Posted on 11/22/2013

by Simon Sheppard

Many boxing fans, I’m sure, have heard of or seen the video of the altercation between the two camps of Manny Pacquiao and Brandon Rios. Many, I’m sure, have read countless articles on countless websites regarding the matter. I have too, but what I have noticed is that most of the conclusions were not based on the entirety of the feud. Nobody has ever attempted to shed light nor have written an unbiased and analytical narration of the events, and whatever they do have or did write is based solely and/or focused on the altercation in Macau itself, thus influencing the opinions of people, boxing fans or otherwise. So let’s look at the sequence of events that lead up to the fracas in Macau, shall we?

Photo: Chris Farina/Top Rank

Long Before Macau
In 2010, just before the Pacquiao-Margarito fight, Freddie Roach was quoted as saying that he will personally supervise and check Margarito’s handwraps prior to the fight so as to be sure that everything is in order. The personal videographer of the Margarito camp (whom I shall not name) relayed this to Robert Garcia and together, they made a video mocking the words of Roach. They took a steel hammer head and made fun of Roach’s words by superimposing the steel hammer on Garcia’s fist, with the videographer holding another hammer, all the while mocking and laughing while filming the whole stunt.
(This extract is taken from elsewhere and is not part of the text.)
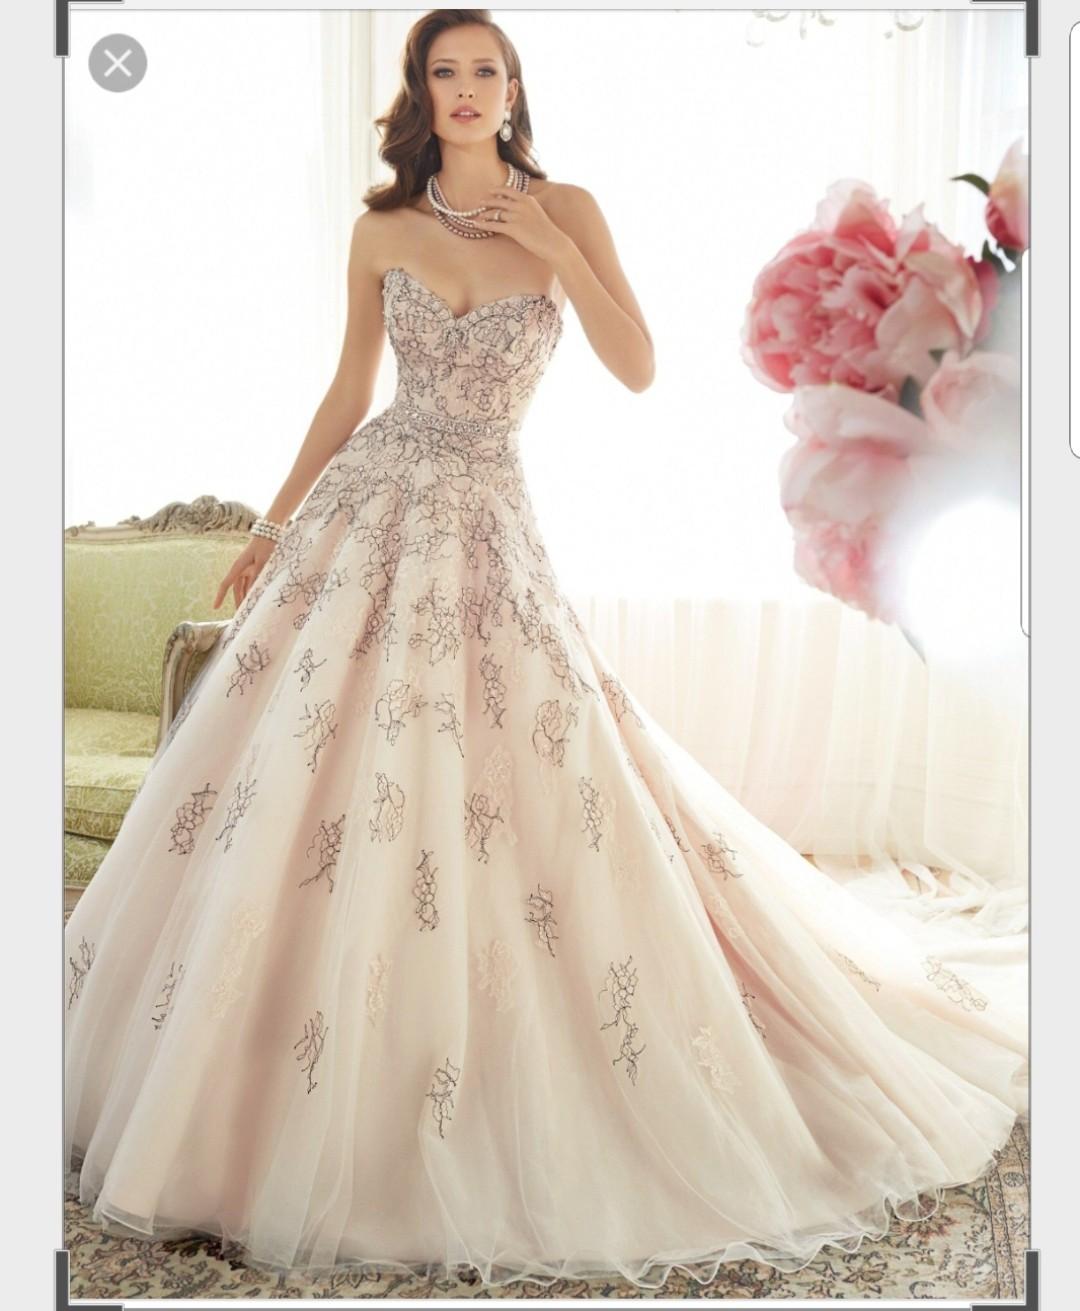 Sophia Tolli Used Wedding Dress On Sale 50% Off

Then they posted the video online and waited for Roach’s reaction. And sure as the sun sets, Roach responded and was visibly annoyed at the antics of Garcia. He was then quoted as saying that for Margarito’s camp to make light of such a deplorable act such as cheating by loading handwraps with a hard substance, not to say the least illegal, makes Margarito, and I quote, an “a-hole”.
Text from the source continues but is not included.